• _PROVIDED DATA_
--*--
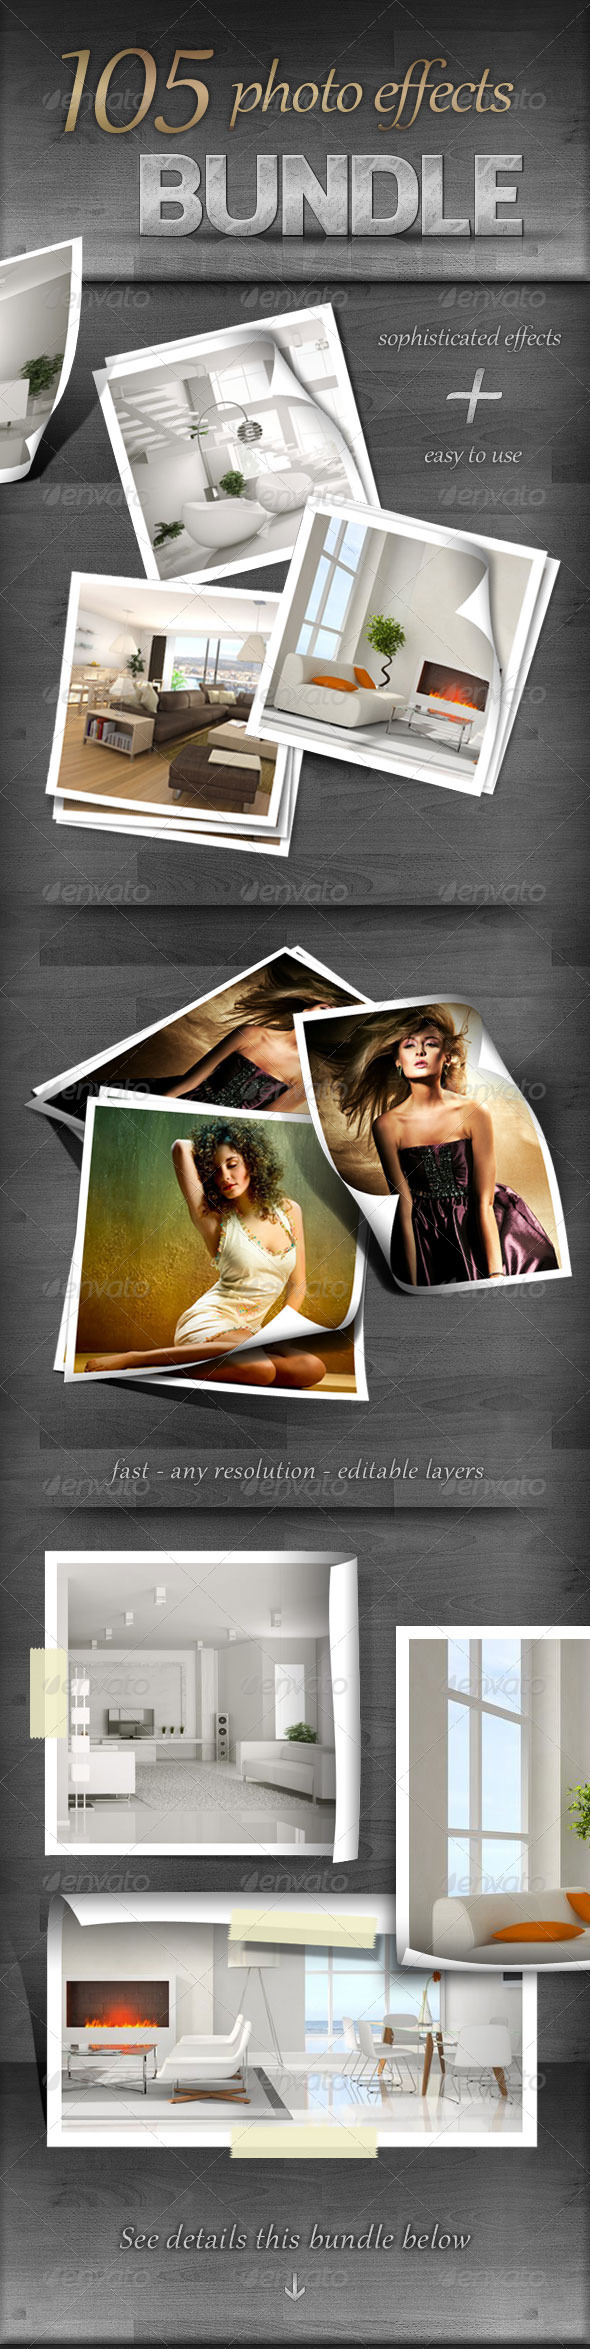 GraphicRiver 105 Photo Effects Bundle 723542
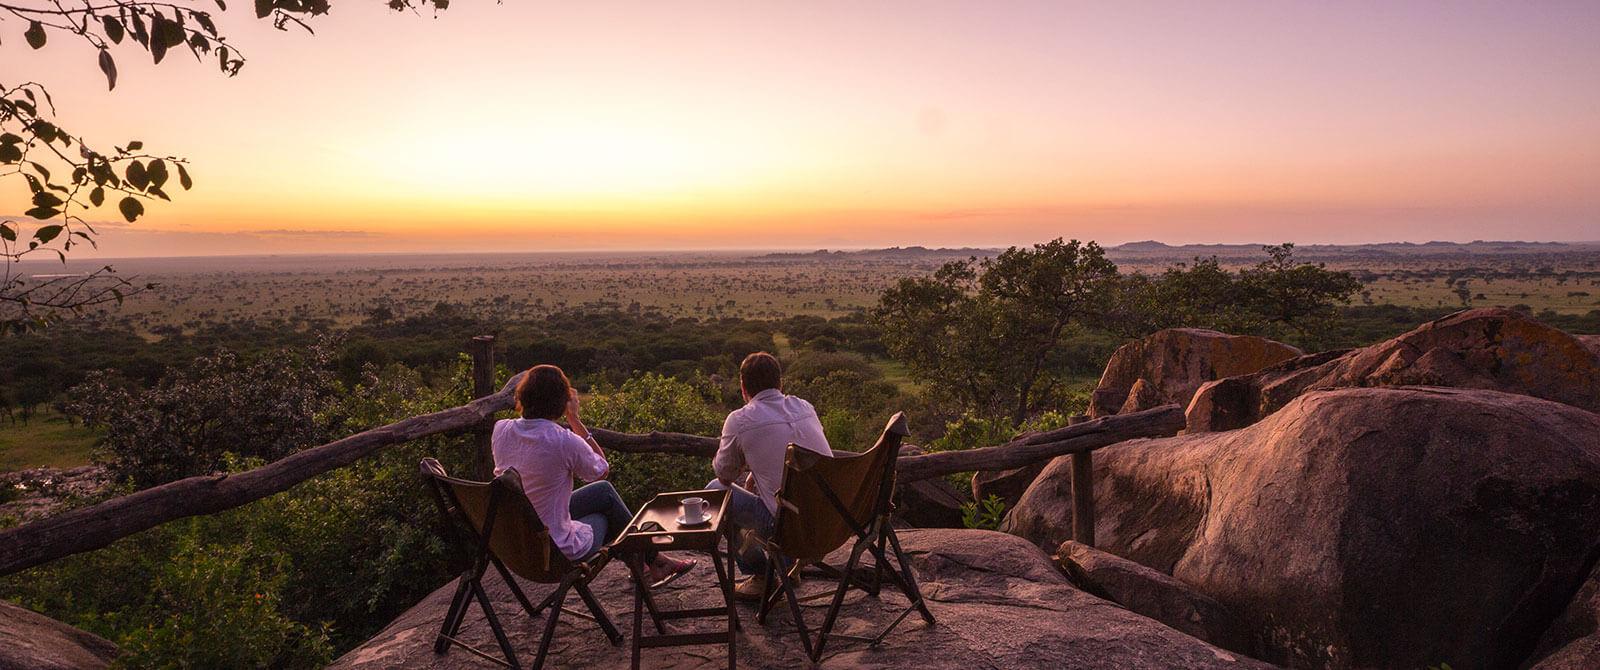 Serengeti Pioneer Camp Sunset - Great Migration Safari - Tanzania Safari Honeymoon
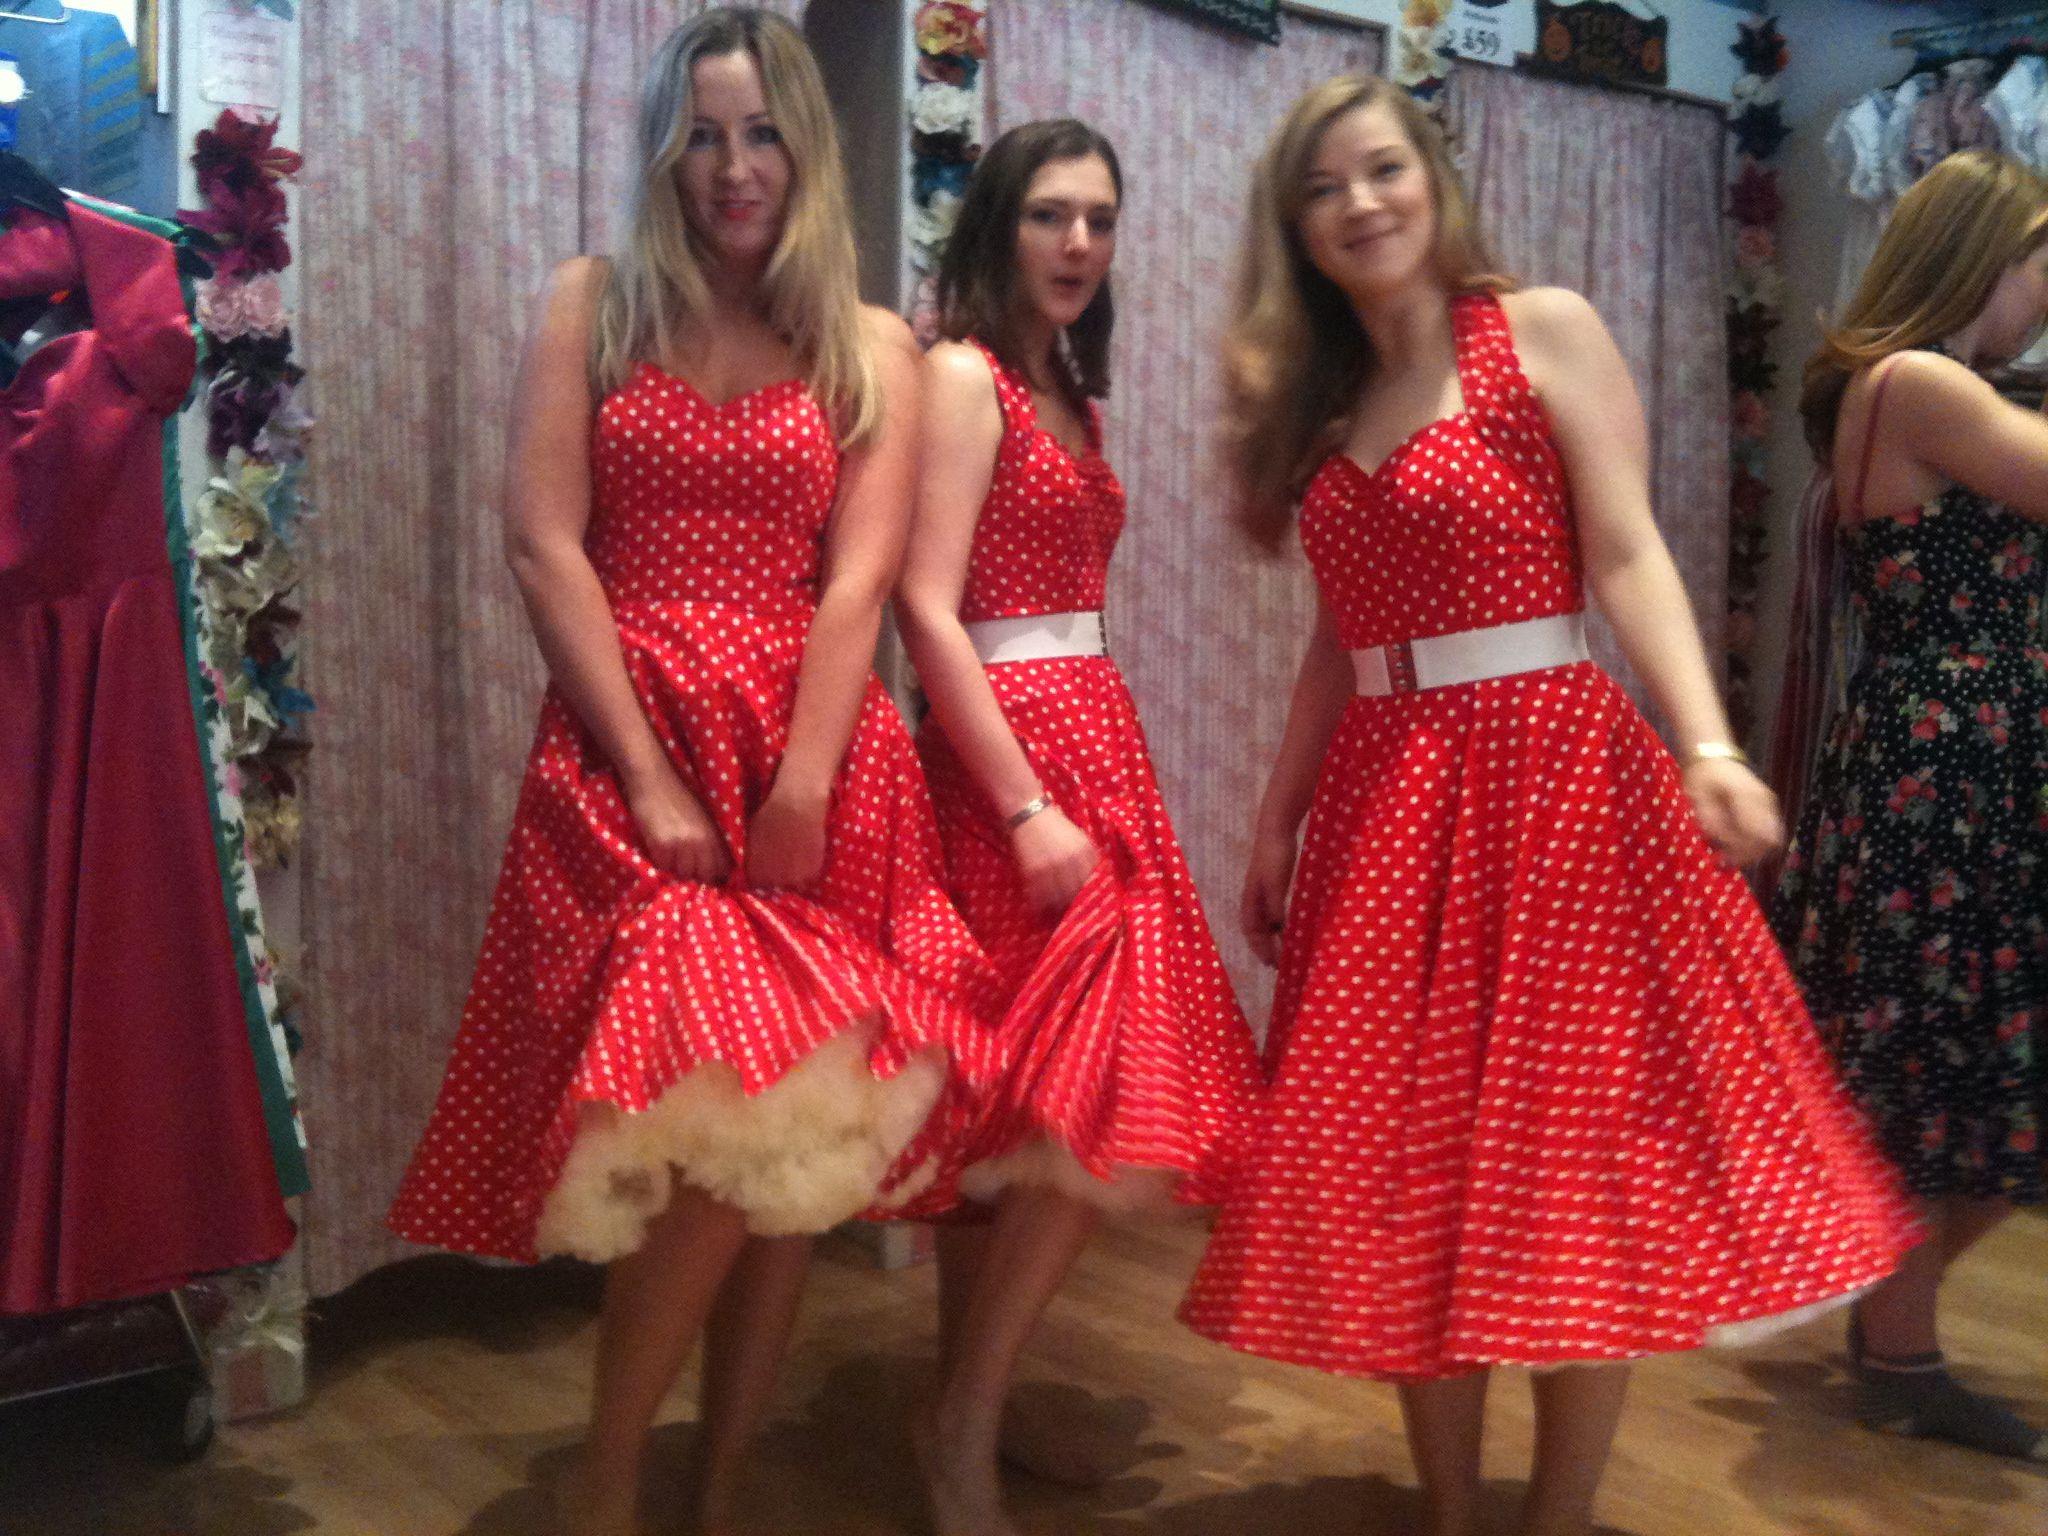 Wedding dress boxing  Bridesmaid dresses  dressingupbox  Pinterest  Dressings
--*--
• _WHAT IS BEING ASKED_
Each line above should be written out again exactly, and no picture should appear in the copy.

• _ANSWER BELOW_
 GraphicRiver 105 Photo Effects Bundle 723542
 Serengeti Pioneer Camp Sunset - Great Migration Safari - Tanzania Safari Honeymoon
 Wedding dress boxing  Bridesmaid dresses  dressingupbox  Pinterest  Dressings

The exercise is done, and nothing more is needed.